Here is the assembly plan of the elements, note that you have to pay attention to the pin numbers of the sensors. You have to be consistent with those indicated in the program.
Here is the program for the Arduino.
//Libraries
#include <Wire.h>
#include <LiquidCrystal_I2C.h>
LiquidCrystal_I2C lcd(0x27, 2, 1, 0, 4, 5, 6, 7, 3, POSITIVE); // Set the LCD I2C address, if it's not working try 0x27.
const int sensorPin = A0;
int outputValue = 0;
const int IR1 = 4;
const int IR2 = 5;
int compteur1 = 1; // variable enregistre un passage compteur 1
int compteur2 = 1; // variable enregistre un passage compteur 2
long temps1=millis(); // Variable prise de temps pour IR 1
long temps2=millis(); // Variable prise de temps pour IR 2
long temps3 = 0; // Variable pour le calcul du temps reel passe
float V = 0.0; // Variable Vitesse
float TTS = 0.0; // Variable temps passe en secondes
float VKM = 0.0; // Variable vitesse en KM/H
float VKMN = 0.0; // Variable vitesse en N
float VKMH0 = 0.0; // Variable vitesse en H0
float V_min = 99999999; // Vitesse min
float V_max = 0.0; // Vitesse max
float V_moy = 0.0; // Vitesse moy
float V_som = 0.0; // Vitesse som
String texte="";
int tours=0;
void setup(){
lcd.begin(20,4); // iInit the LCD for 16 chars 2 lines
lcd.backlight(); // Turn on the backligt (try lcd.noBaklight() to turn it off)
lcd.setCursor(0,0); //First line
lcd.print("*** attente ***");
lcd.setCursor(0,1); //Second line
lcd.print("*** vehicule ***");
lcd.setCursor(0,2); //3eme line
lcd.print("*** SLOT ***");
lcd.setCursor(0,3); //4eme line
lcd.print("*** RACING ***");
// capteurs
pinMode(IR1,INPUT);
pinMode(IR2,INPUT);
//Serial.begin(9600);
}
void loop(){
int valIR1 = digitalRead(IR1);
// Lecture de broche A2 et mise du resultat dans la variable valIR1
int valIR2 = digitalRead(IR2);
// Lecture de broche A3 et mise du resultat dans la variable valIR2
if(valIR1 == LOW && compteur1 == 1 && compteur2 == 1) {
// Si passage devant IR1 ET compteur1 = 1 alors ....

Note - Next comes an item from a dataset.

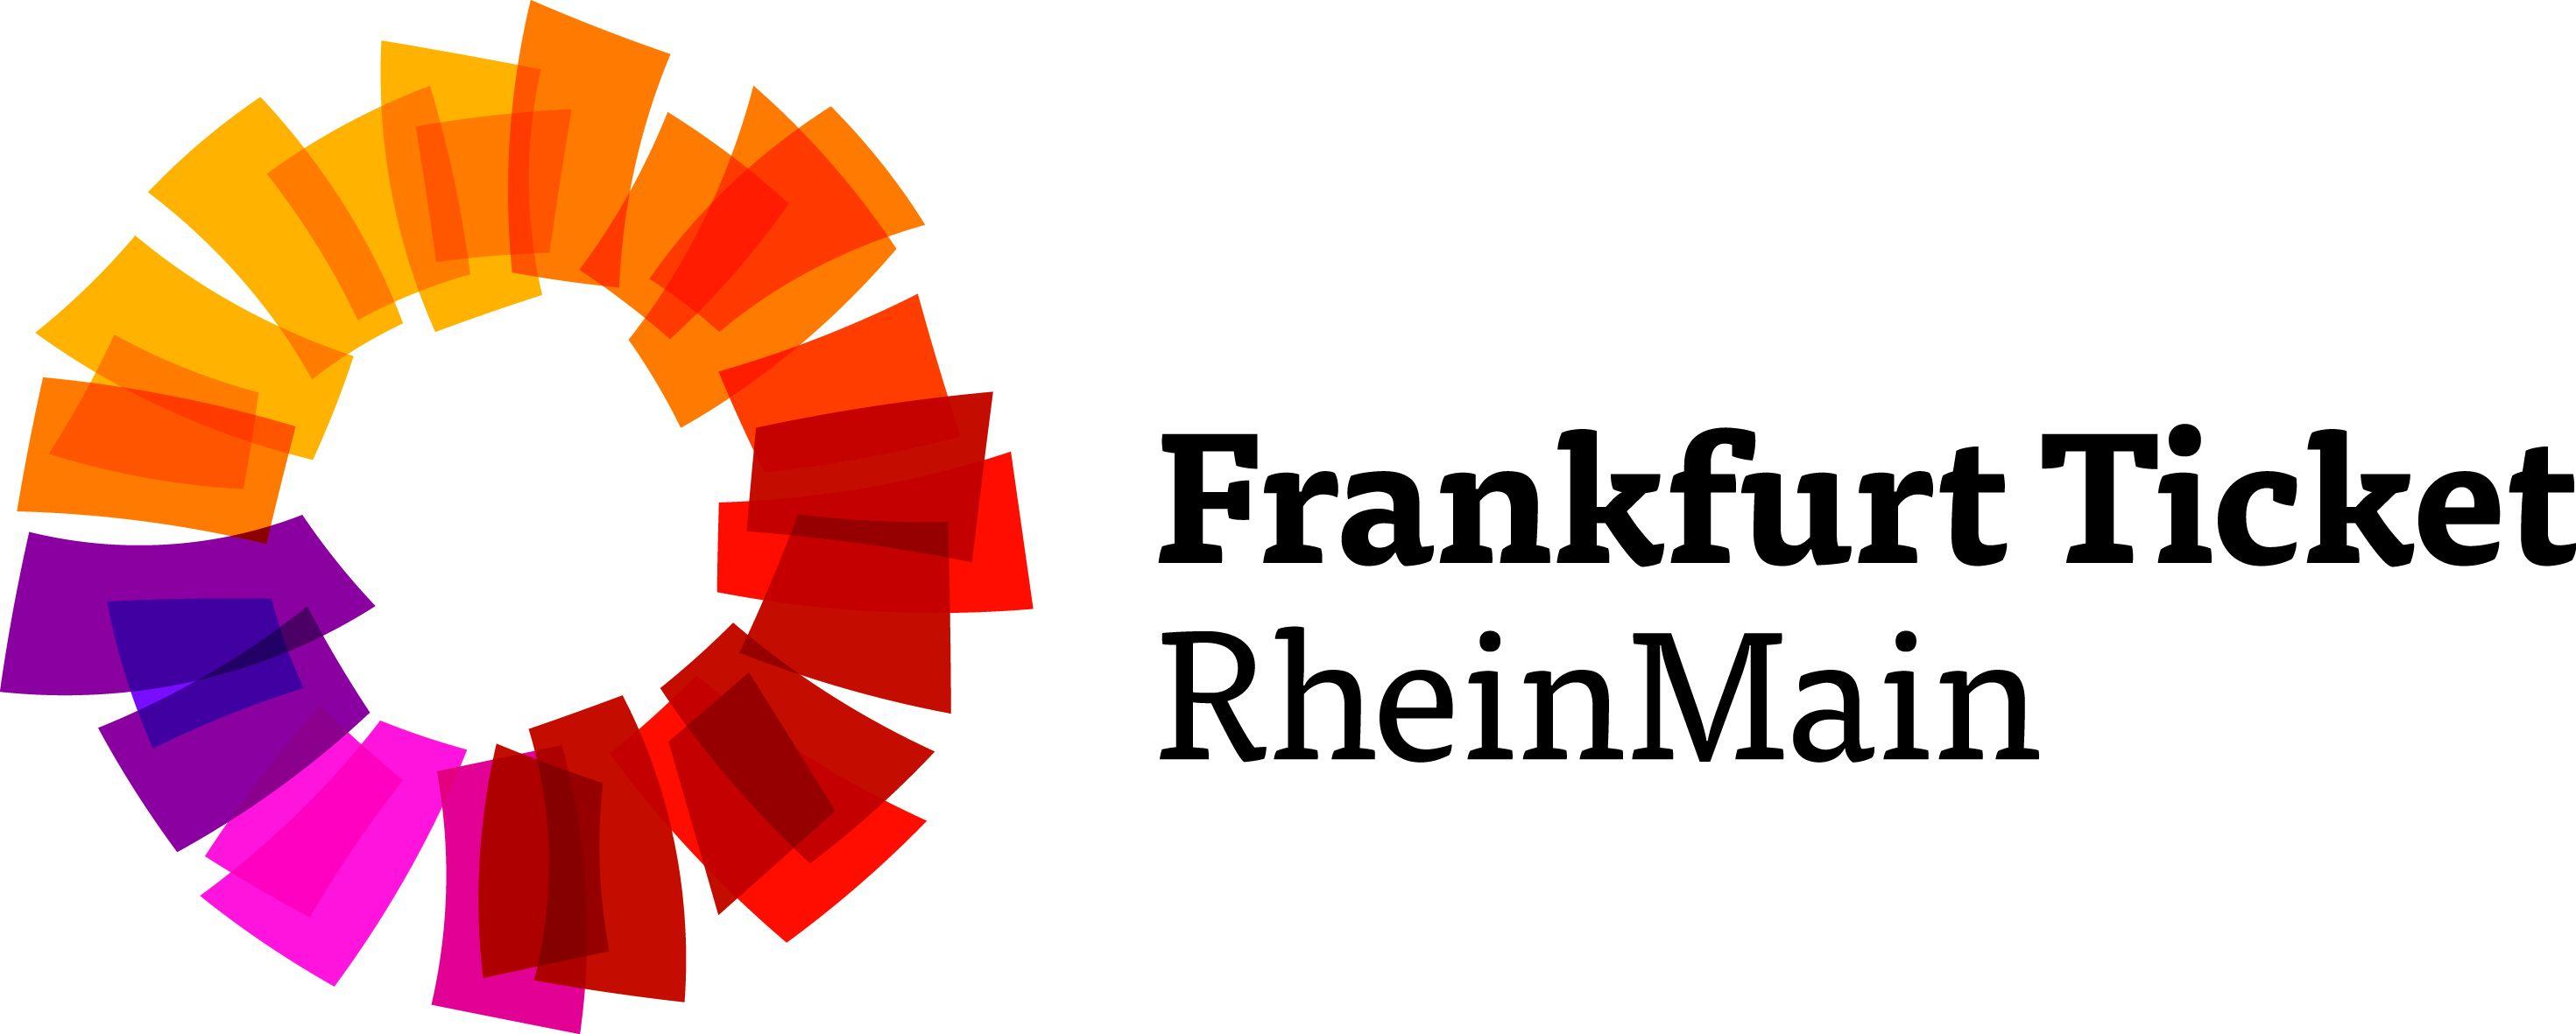 Frankfurt Ticket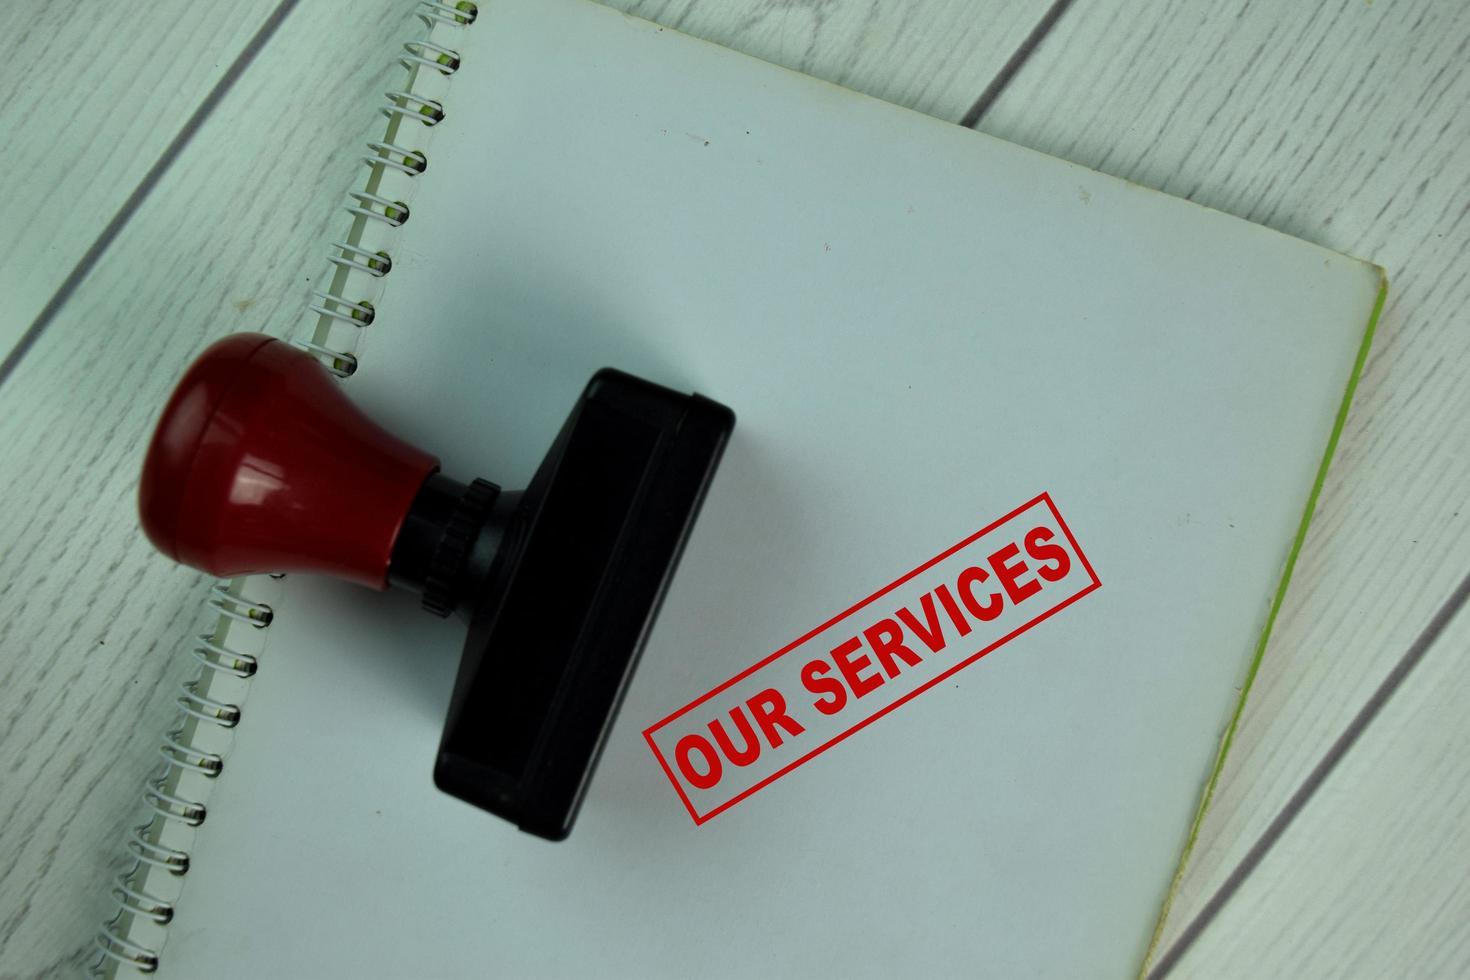 rött handtag gummi stamper och våra tjänster text isolerad på bordet foto

temps1=micros(); // enregistrement dans temps1 de la valeur millis
compteur1 = compteur1 + 1;
// On rajoute +1 a compteur1 ce qui empeche le remplacement de la valeur de temps1
//Serial.print(temps1);
//Serial.println();
}
if(valIR2 == LOW && compteur2 == 1 && compteur1 == 2) {
// Si passage devant IR2 ET compteur2 = 1 alors ....
temps2=micros(); // enregistrement dans temps1 de la valeur millis
compteur2 = compteur2 + 1;
// On rajoute +1 a compteur2 ce qui empeche le remplacement de la valeur de temps2
//Serial.print(temps2);
//Serial.println();
}
if(compteur1 > 1 && compteur2 > 1) {
// Si les valeurs de Compteur1 ET de compteur2 sont differente de 1 alors le calcul peut debuter
tours=tours+1;
temps3 = (temps2 - temps1);
// temps en millisecondes passez entre les deux capteurs
//Serial.print(temps3);
//Serial.println();
//Serial.print("----");
//Serial.println();
TTS = ((float)temps3 / 1000000.0);
// conversion milisecondes en secondes
V = (0.05 / (float)TTS)*100;
// calcul de d/t, ma distance est ici de 5 cm, soit 0,05 m
// en cm/s
V_som =V_som+V;
V_moy=V_som/tours;
if(V < V_min) {
V_min=V;
}
if(V > V_max) {
V_max=V;
}
//texte=String(V)+"cm/s -"+String(tours)+" ";
affichage(String(V),String(tours),String(V_min),String(V_max),String(V_moy));
delay(500); // delais de 10 secondes avant reprise du programme
// Pour permettre la liberation de la zone IR
compteur1=1; // Variable remise a 1
compteur2=1; // Variable remise a 1
temps1 = 0; // Variable remise a 0
temps2= 0; // Variable remise a 0
}
//delay(10);
}
void affichage(String vitesse,String tours,String V_min, String V_max ,String V_moy) {
lcd.backlight();
//lcd.noBacklight();
lcd.clear();
lcd.setCursor(0,0); //First line
lcd.print(vitesse+"cm/s");
lcd.setCursor(0,1); //Second line
lcd.print(tours+" tours");
lcd.setCursor(0,2); //3eme line
lcd.print(V_min+" a "+V_max);
lcd.setCursor(0,3); //4eme line
lcd.print("Moy. "+V_moy);
}If you want more information on the implementation to send the program to the Arduino, you can consult the following article: https://www.framboise314.fr/commencer-avec-larduino/
So there you have it, you have a radar that you just have to place on the edge of the track and then connect to the mains. It is also possible to use a 9V battery and a small adapter to power the Arduino, but the autonomy will not be very long.